The present is another country

The government stance on Ukraine remains tentative, yet its diluted backtracking from previous tacit support for Russia, in tandem with the offers of Argentine citizenship to Nicaraguan dissidents, offers signs of the government recalibrating its foreign policy.

Yesterday saw the anniversary of the Russian invasion of Ukraine while this month has seen the election campaign formally start with La Pampa’s PASO primaries and this week's launch of the presidential candidacy of Buenos Aires City Mayor Horacio Rodríguez Larreta (long the opinion poll frontrunner and still the favourite in establishment circles) – this raises the question of how much Ukraine in particular and geopolitics in general are going to enter the electoral debate.

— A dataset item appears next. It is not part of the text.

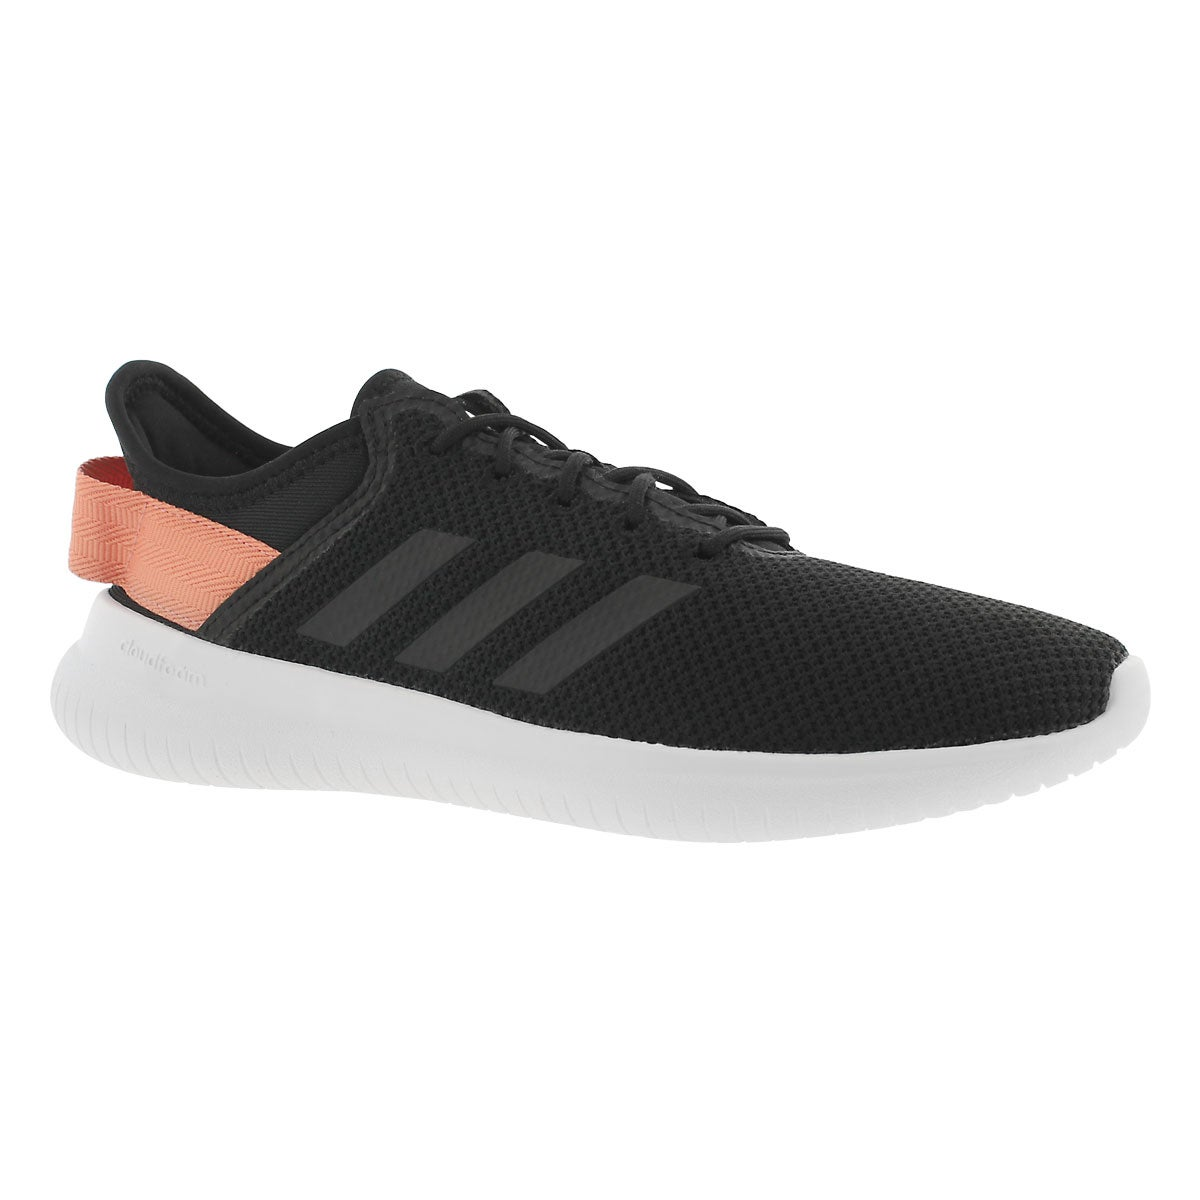 Adidas S Flex Running Shoes

The eve of the anniversary found President Alberto Fernández looking in the opposite direction with his trip to Antarctica to expound his South Atlantic vision but at least he no longer offers Vladimir Putin a “gateway” into South America, as he did last February. The government stance on Ukraine remains tentative with Foreign Minister Santiago Cafiero’s sincere but vague wishes for a ceasefire (with no opinion on the conflicting territorial claims at stake) and expressing “much concern” over Putin’s decision to suspend his participation in the “New Start” bilateral nuclear disarmament agreement with the United States. Yet this diluted backtracking from the previous tacit support for Russia, in tandem with the offers of Argentine citizenship to Nicaraguan dissidents, offers signs of the government recalibrating its foreign policy – perhaps Economy Minister Sergio Massa’s influence is percolating beyond his core sphere into international relations. But this more pro-Western trend may not be sustained – the growing Sino-Russian proximity will pose new challenges, given the central importance of China as a trade and investment partner, quite apart from the global implications.

Nor is the Ukraine war a purely diplomatic issue in Argentine eyes – its economic impact has been enormous. The surge in global commodity prices with the disruption of supplies from the combatant nations who are both leading producers has simultaneously presented Argentina with crisis and opportunity. The war has been a key factor in pushing an inflation already driven by the pandemic money supply glut towards three digits with a momentum difficult to reverse, while the greater volatility and uncertainty in world markets plus the higher interest rates to counter inflation is holding back the investment needed for genuine productive development beyond consumer-led growth (also a factor in inflation). The opportunities would be far greater without Argentina importing rather than exporting energy in the past decade – the war doubled the cost of fuel imports to over US$14 billion last year while grain prices only rose 30 percent (against which should be balanced costlier diesel imports and 20 percent more hard currency to pay for fertilisers despite a sharp fall in use). Furthermore, the farm bonanza has had to grapple with drought while the windfalls served more to finance the fiscal deficit and boost Central Bank reserves than to bolster production. The extreme gap between official and parallel exchange rates together with erratic policies (the “soy dollar”) have also conspired against a steady outflow of grain. Nevertheless, while this tragic conflict has so far been a mixed blessing for Argentina in strictly economic terms, pipelines to exploit the potential of Vaca Muerta shale more fully, the accelerating lithium boom and a government less at odds with the farming sector might well tip the scale in favour of benefits in a very near future.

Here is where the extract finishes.